▶ About this task:
For this exercise, write out the full listing that follows exactly and skip its pictures.

▶ Input data:
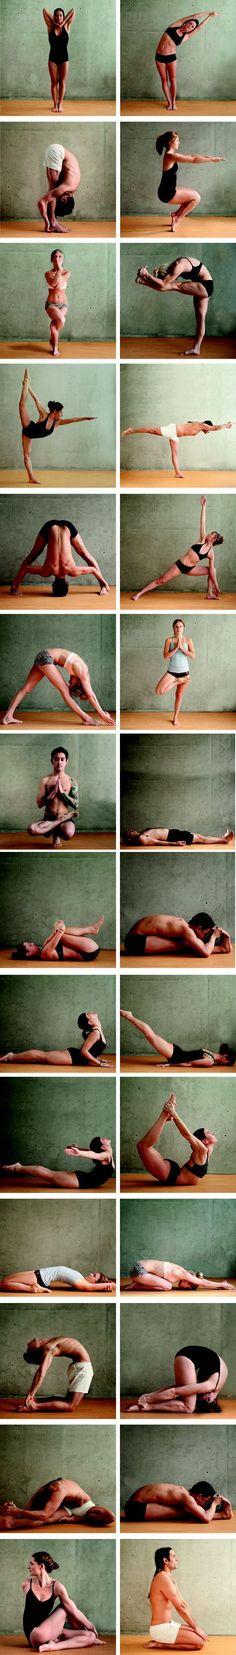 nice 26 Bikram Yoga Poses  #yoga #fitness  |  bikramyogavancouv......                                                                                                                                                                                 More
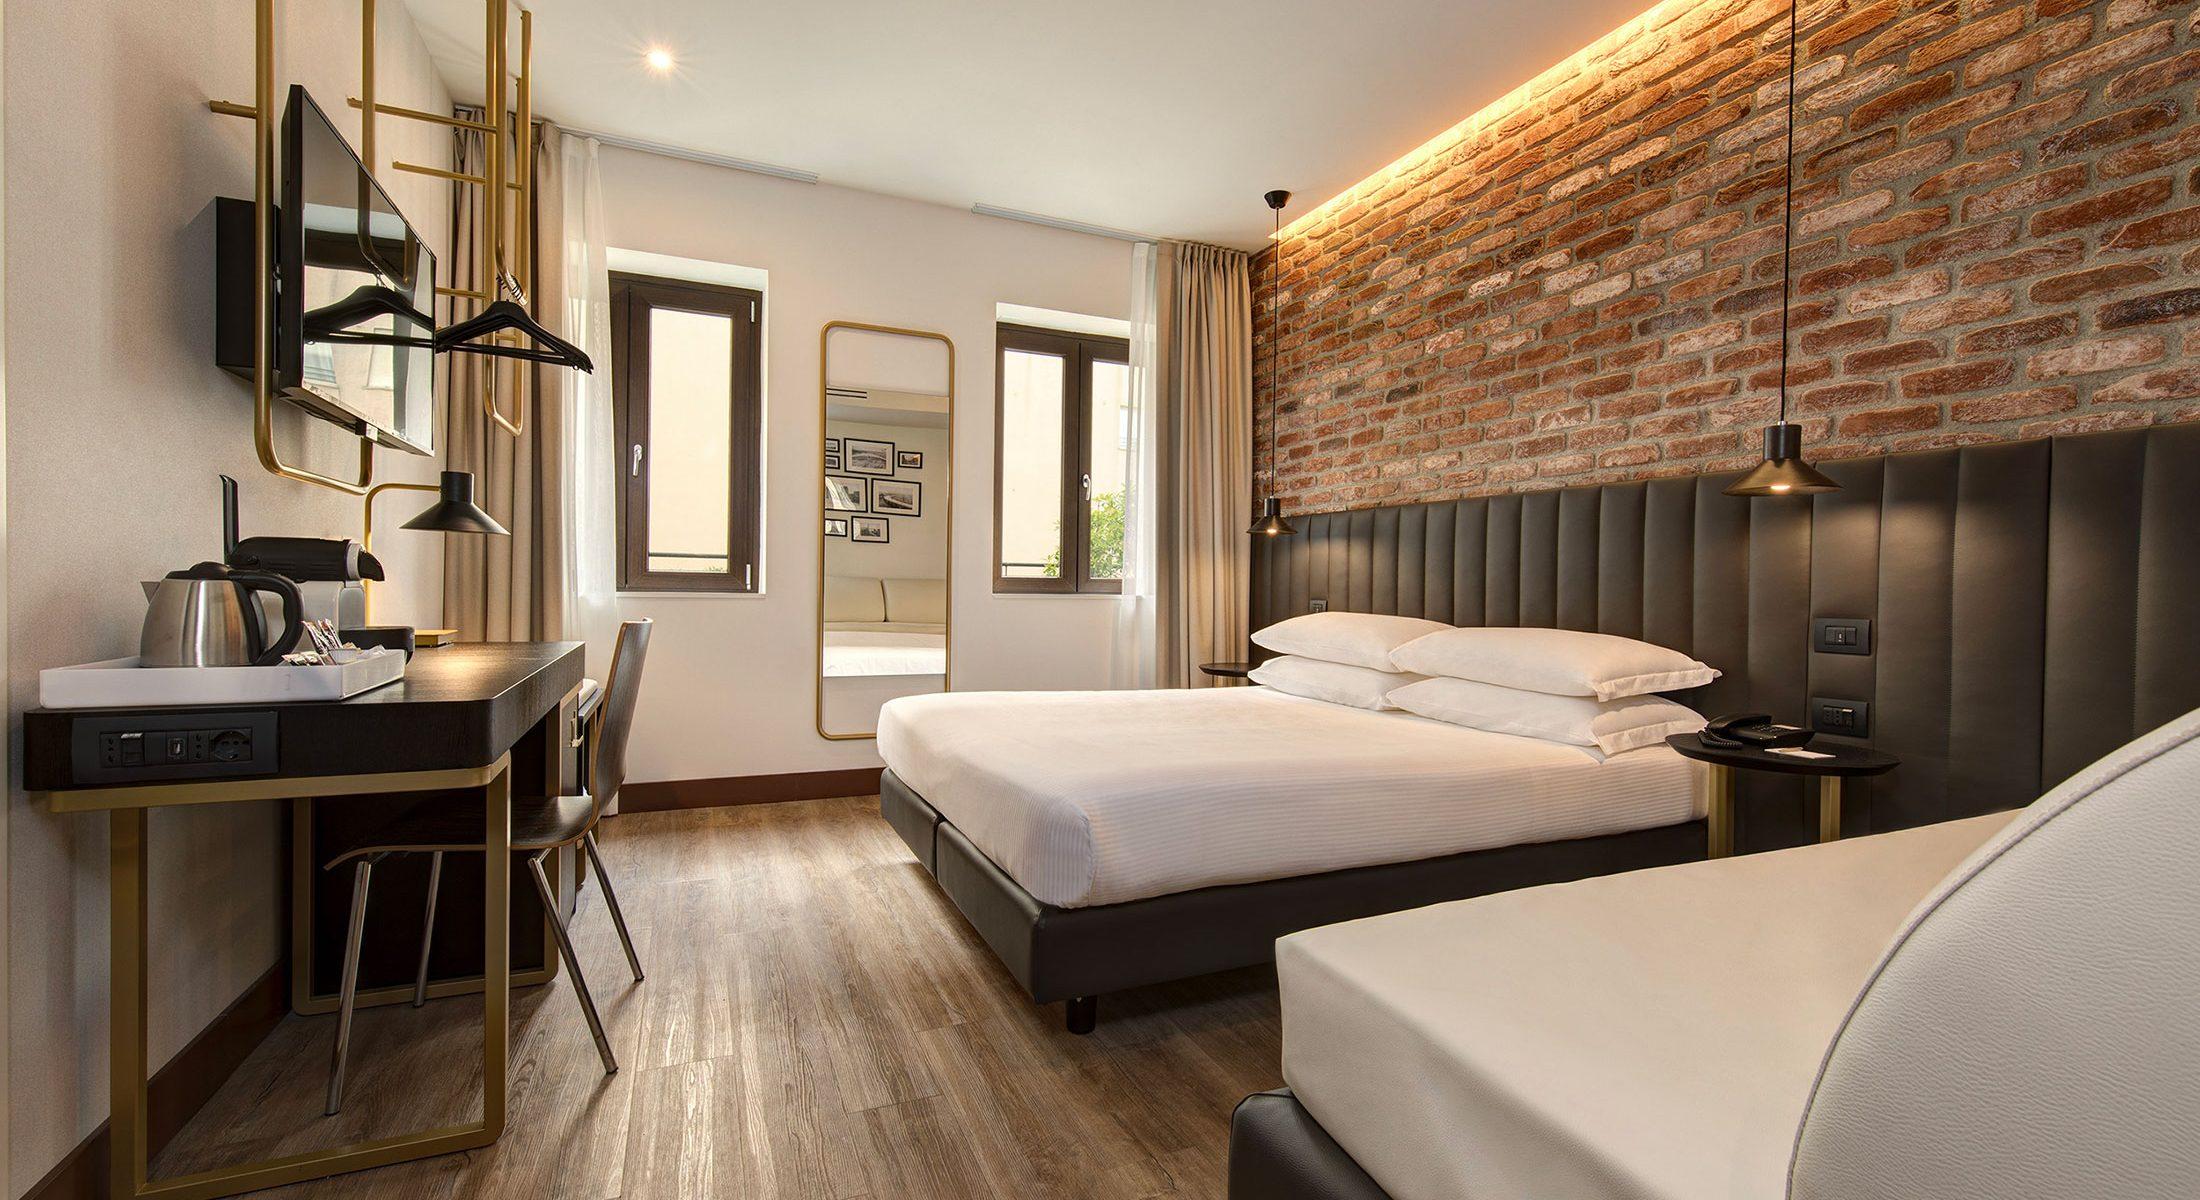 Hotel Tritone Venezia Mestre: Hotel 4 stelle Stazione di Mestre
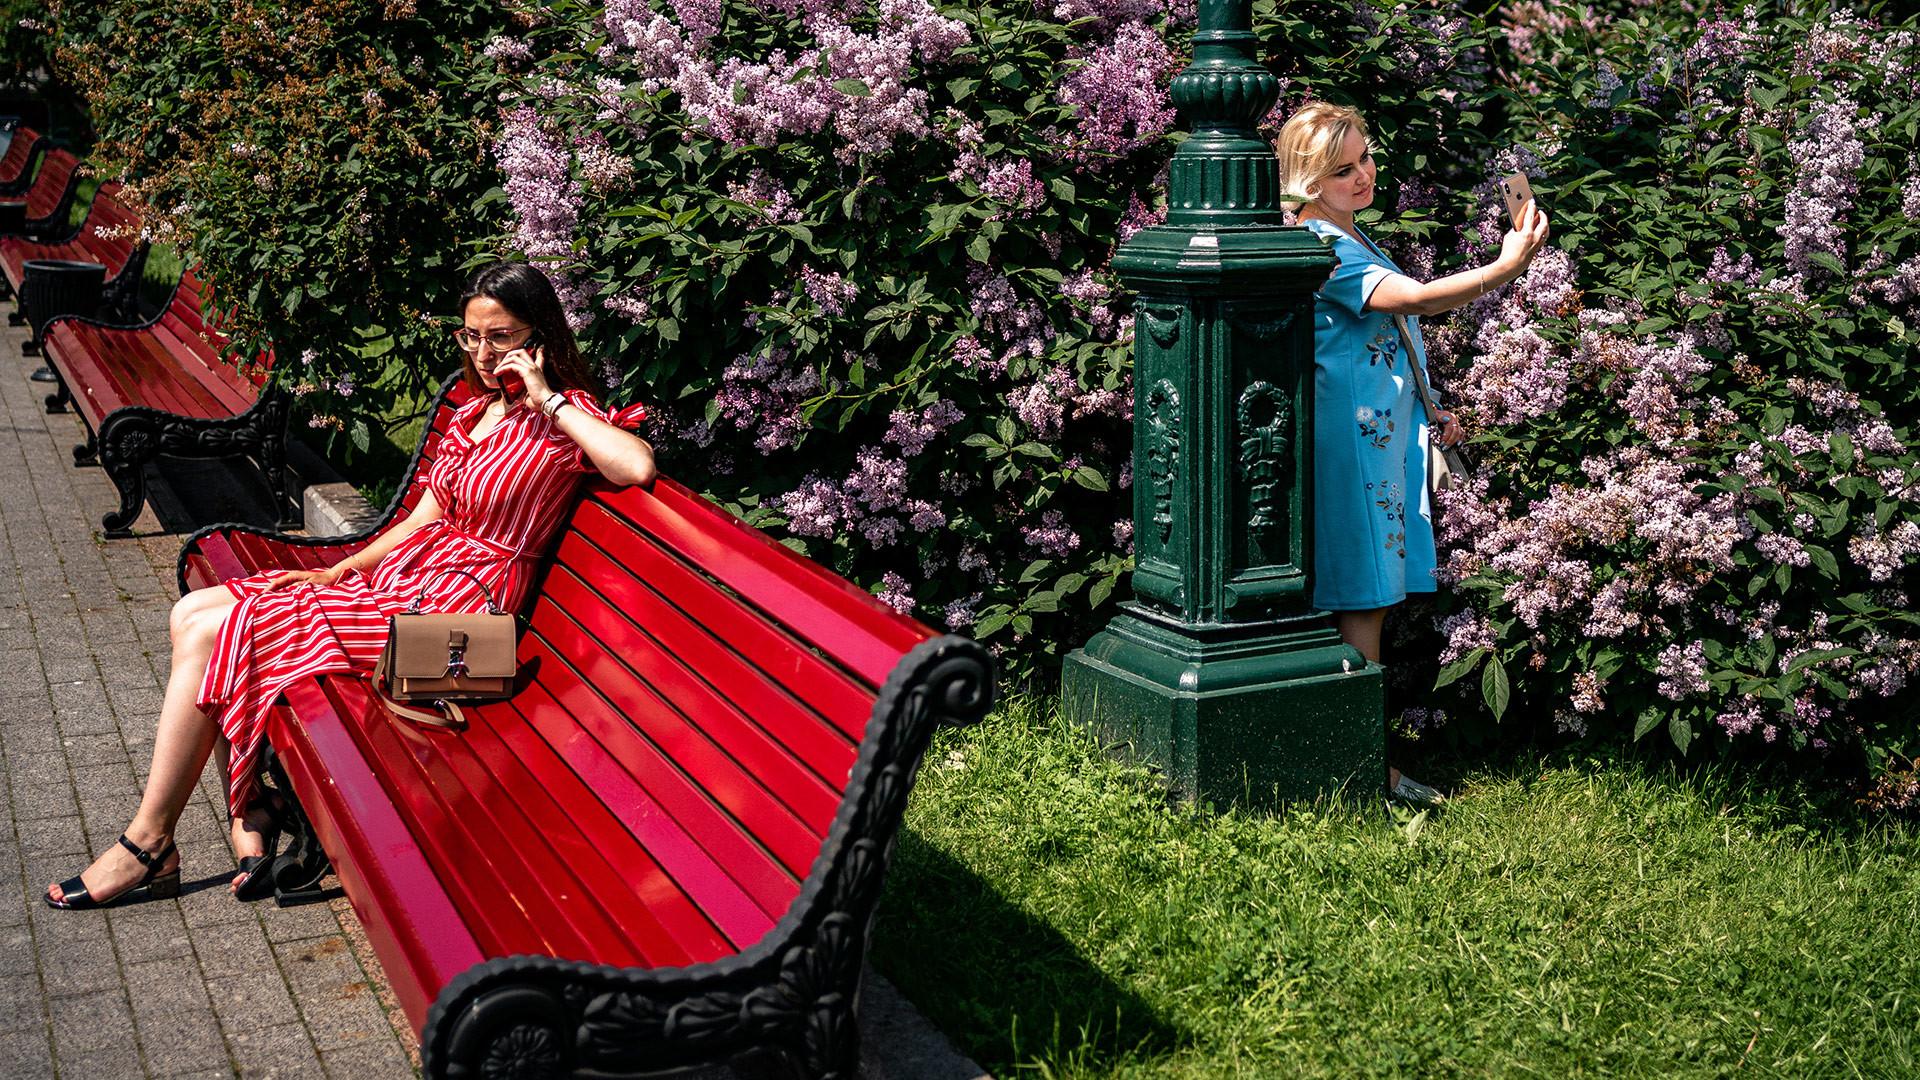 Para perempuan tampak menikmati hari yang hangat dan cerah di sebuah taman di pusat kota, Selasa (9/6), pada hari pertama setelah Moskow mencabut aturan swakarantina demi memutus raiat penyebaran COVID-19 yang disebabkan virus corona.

▶ Answer for the task:
 nice 26 Bikram Yoga Poses  #yoga #fitness  |  bikramyogavancouv......                                                                                                                                                                                 More
 Hotel Tritone Venezia Mestre: Hotel 4 stelle Stazione di Mestre
 Para perempuan tampak menikmati hari yang hangat dan cerah di sebuah taman di pusat kota, Selasa (9/6), pada hari pertama setelah Moskow mencabut aturan swakarantina demi memutus raiat penyebaran COVID-19 yang disebabkan virus corona.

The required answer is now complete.